In January 2025, it was reported that Liu will be a producer for the film, Stop Stop Dark Cold.

== Personal life ==
Liu bought and owned the rights of the novel, Three Lives Three Worlds, The Pillow Book, and had wanted to play the role of Feng Jiu. However, after the television drama series based on the novel, Eternal Love (2017) became popular following its broadcast, audiences condemned her decision and rallied for Dilraba Dilmurat to play Feng Jiu instead. Following this, netizens had speculations that Liu attempted suicide in August 2018 that was related to her divorce from her husband, who had cheated on her with actress Zhang Meng while Liu was pregnant. Liu denied rumors of suicide and stated that she had trouble sleeping and relied on sleeping pills. She later sold the rights of the book to Tencent Video, who cast her as Ji Heng in the series sequel, Eternal Love of Dream (2020) instead and made her one of the co-producers. Criticism of her performance led to speculations of attempted suicide again.

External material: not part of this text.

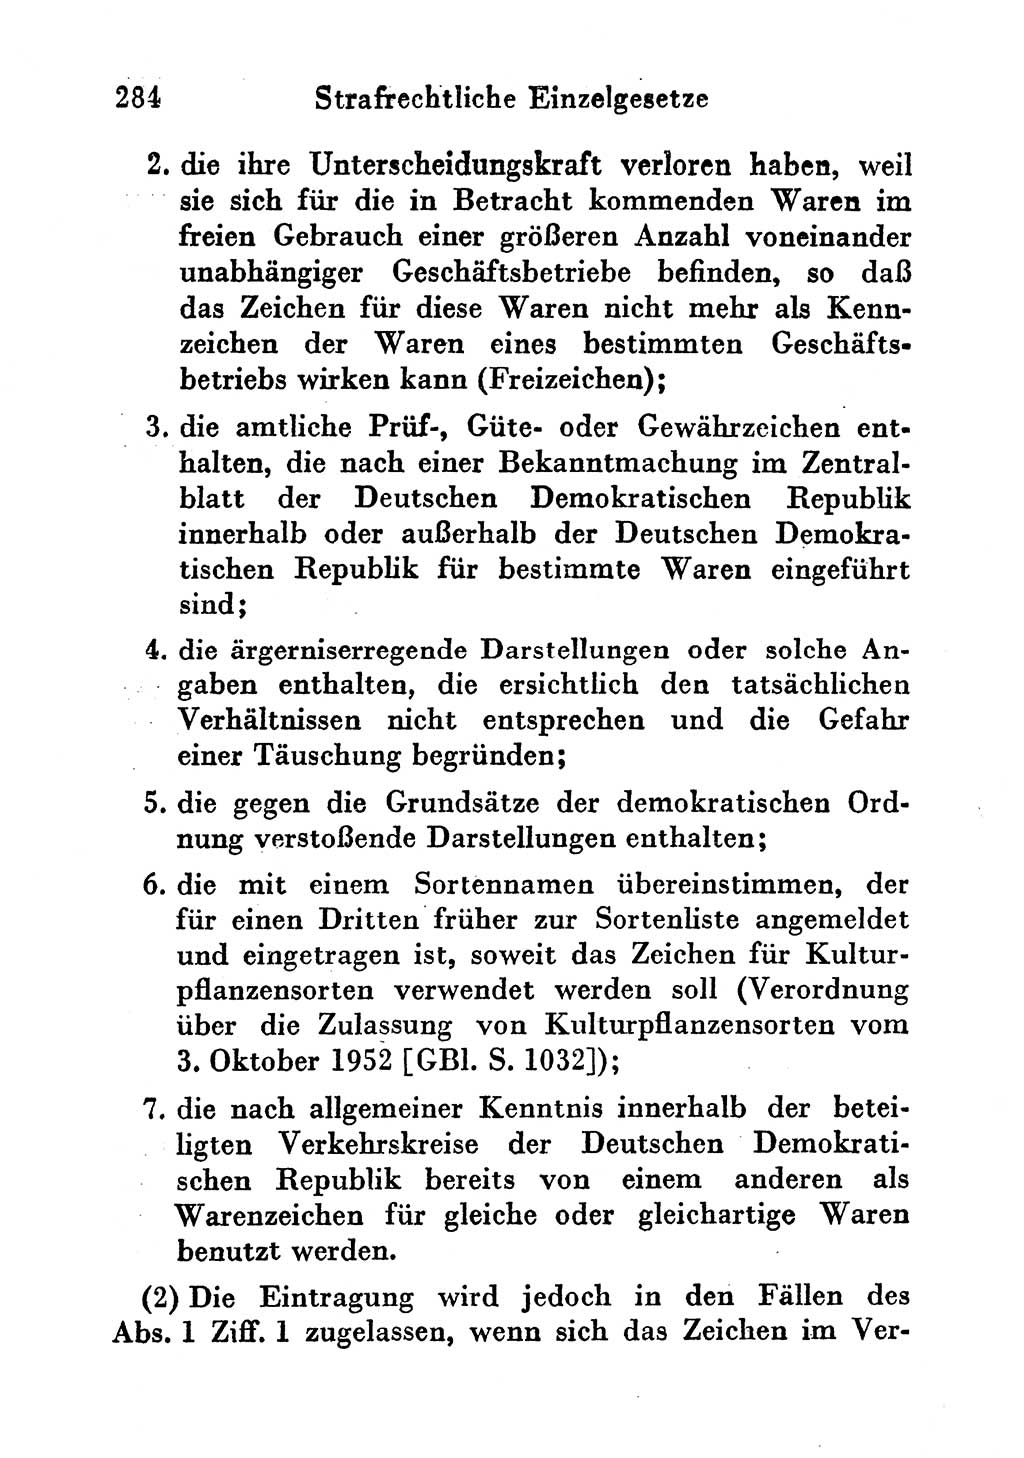 Strafgesetzbuch (StGB) und andere Strafgesetze [Deutsche Demokratische Republik (DDR)] 1956, Seite 284 (StGB Strafges. DDR 1956, S. 284)
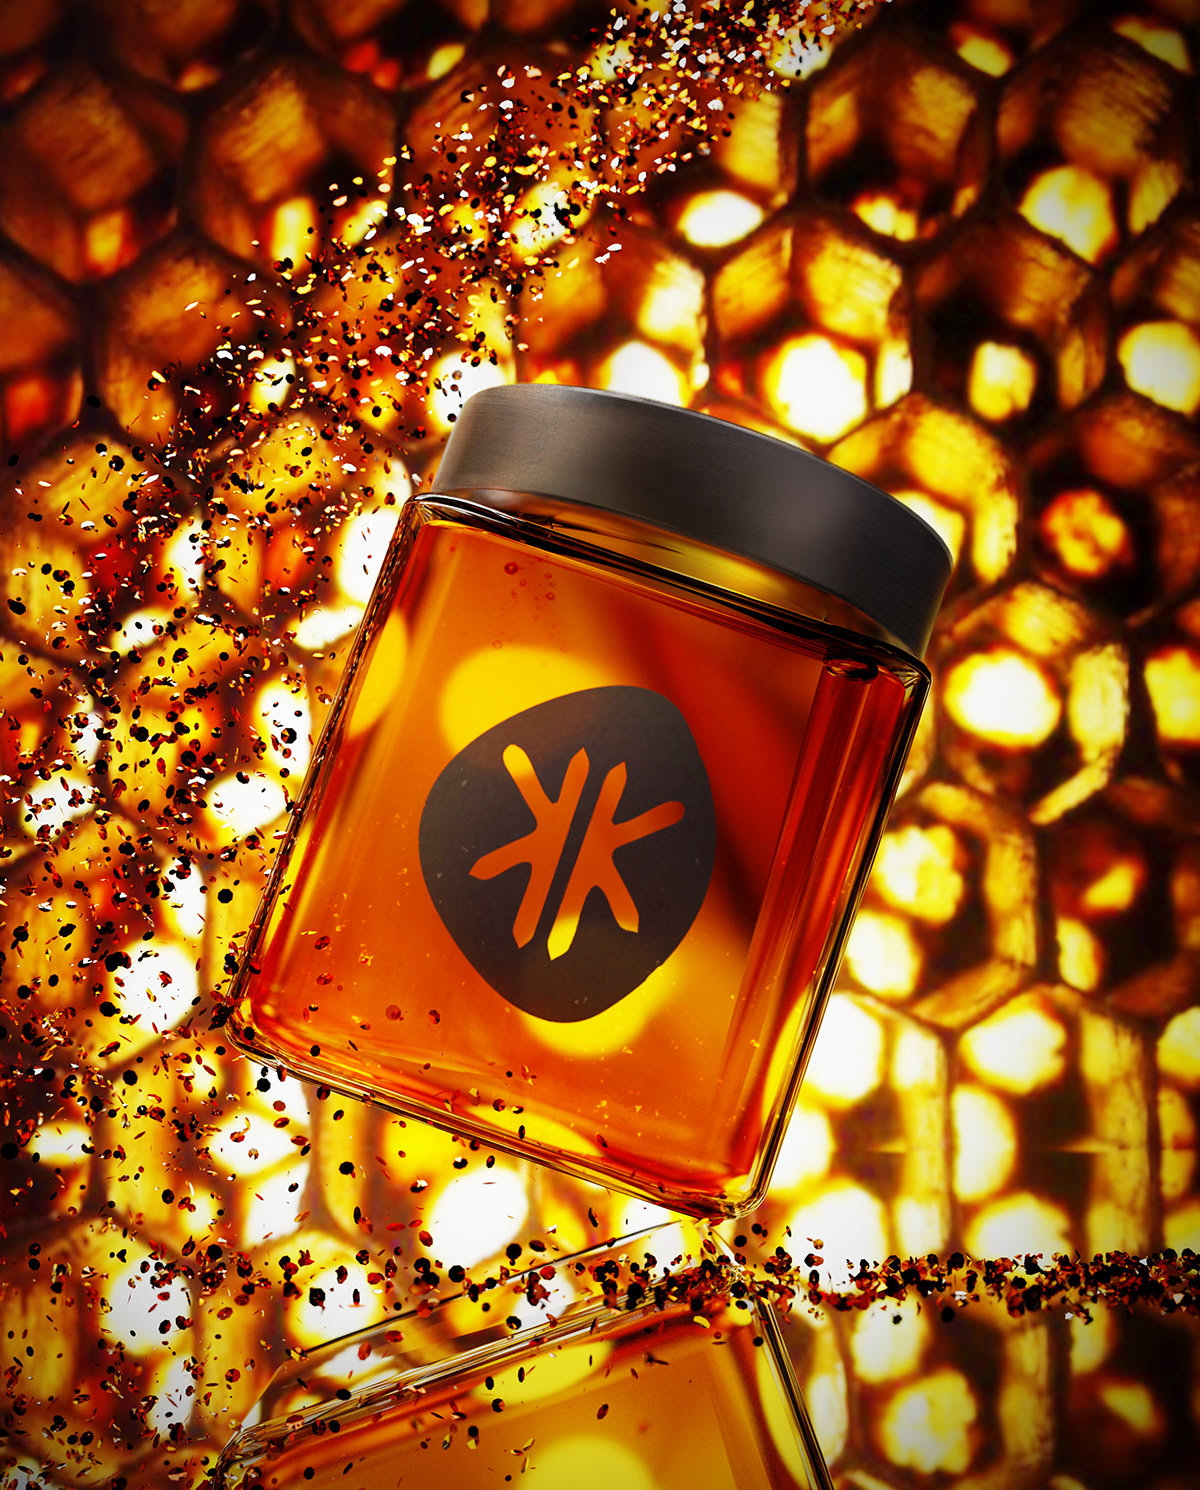 3D blender branding  glass honey jar UK

Liu temporarily changed her name from Liu Yuxin to Liu Yuefei. She currently uses the name Liu Yuxin in China along with her English name, Yoyo Liu in the U.S.

==Filmography==
===Film===

| Year | English title | Chinese title | Role | Notes |
|---|---|---|---|---|
| 2009 | Hua Mulan | 花木兰 | Rouran princess |  |
| 2011 | Energy Behind the Heart | 用心跳 | Xiao Hong |  |
| 2011 | Legend of Daming Palace | 大明宫传奇 | Princess Mingyue |  |
| 2013 | Baby Run | 宝贝快跑 | Xiao Bao |  |
| 2014 | Turn Around | 美人邦 | Yu Zhongqiu |  |
| 2016 | So Lucky | 杠上开花 | Chun Ling |  |

===Television series===

| Year | English title | Chinese title | Role | Notes |
|---|---|---|---|---|
| 2006 |  | 色拉青春 | Leng Xue |  |
| 2009 | Ugly Betty II | 丑女无敌II | Ziwei |  |
| 2010 | Special War Pioneer | 特战先锋 | Hudie |  |
| 2011 |  | 大学生士兵 | Jiang Nan |  |
| 2011 |  | 毕业时刻 | Bai Xue |  |
| 2011 | Scarlet Heart | 步步惊心 | Gororo Mingyu |  |
| 2012 | Secret History of Princess Taiping | 太平公主秘史 | Wu Zetian (young adult) |  |
| 2012 | King's War | 楚汉传奇 | Concubine Qi |  |
| 2015 |  | 情诫 | Xiao Qi |  |
| 2015 | The Cage of Love | 抓住彩虹的男人 | Lu Man |  |
| 2016 | Far Away Love | 远得要命的爱情 | Ding Fei |  |
| 2016 | Switch of Fate | 忍冬艳蔷薇 | Gu Qiangwei |  |
| 2016 | How Much Love Can be Repeated | 多少爱，可以重来 | Wang Qiaoqiao |  |
| 2016 |  | 硝烟散尽 | Dong Li'na |  |
| 2020 | Eternal Love of Dream | 三生三世枕上书 | Ji Heng |  |
| 2025 | Memories beyond Horizon | 无限超越班 | As herself | Season 3 |

=== Producer ===

| Year | Title | Role | Notes |
|---|---|---|---|
| 2021 | Wuhan Wuhan | Co-producer |  |
| 2022 | Umma | Co-producer |  |
| 2023 | Jamojaya | Assistant producer |  |
| 2024 | The Garfield Movie | Associate producer |  |

== Awards and nominations ==
Liu's film, Wuhan Wuhan was nominated for Outstanding Current Affairs Documentary featured in the POV series at the 44th News & Documentary Emmy Awards.